I took off my white apron, shook off the flour dust and ripped it into strips. Then I wrapped them in a bandage around his chest where he had been shot; I lifted him and carried him up the narrow stairway to the roof. I kept a mattress there that I had found one morning next to the rubbish bins outside the bakery. That's where I set him down. I bent my face close to his mouth to see if he was still breathing. When I was sure that he was alive, I raced down to the ovens, got some water and a lamp, and went back up to the roof.
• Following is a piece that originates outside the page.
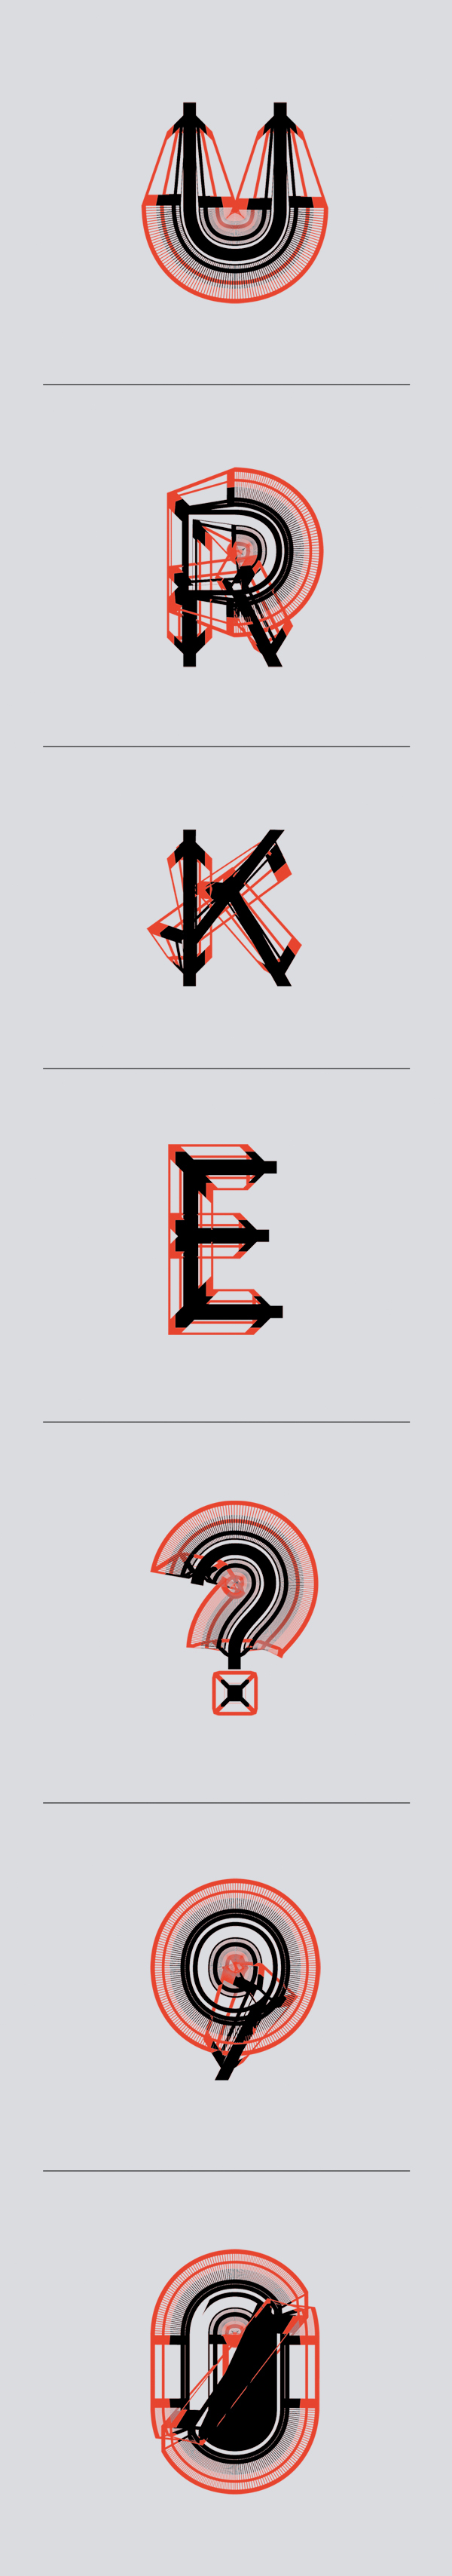 Typographie / Atelier Olschinsky

'I have to get help,' I repeated. 'You can't stay here.'

Again he shook his head. 'I want to stay here,' he said. 'I'm not going to die. Not yet.'

He sounded so determined that I couldn't make myself object, even though deep inside I knew what he needed most was a doctor.

He turned his head and looked at me. 'It feels so cool up here,' he said. 'This is where I want to stay.'

I sat down beside him. Now and then I gave him some water to moisten his lips. Since he had been shot in the chest, I didn't dare let him have anything to drink.

That was the first night.

I sat on the mattress at his side. When he seemed to be asleep, I would go down to the ovens to make sure the bread was not burning.

When it was still long before dawn, he opened his eyes again. By then he had stopped bleeding, and the bandage had grown stiff on his thin chest.

'The silence,' he said. 'Here I can dare to release my spirits.'

I didn't know what to say. The words sounded strange coming from a boy who was only ten years old.

What did he mean?

Much later I would understand.

That was all he said.

For the rest of the night, that first night, he was silent.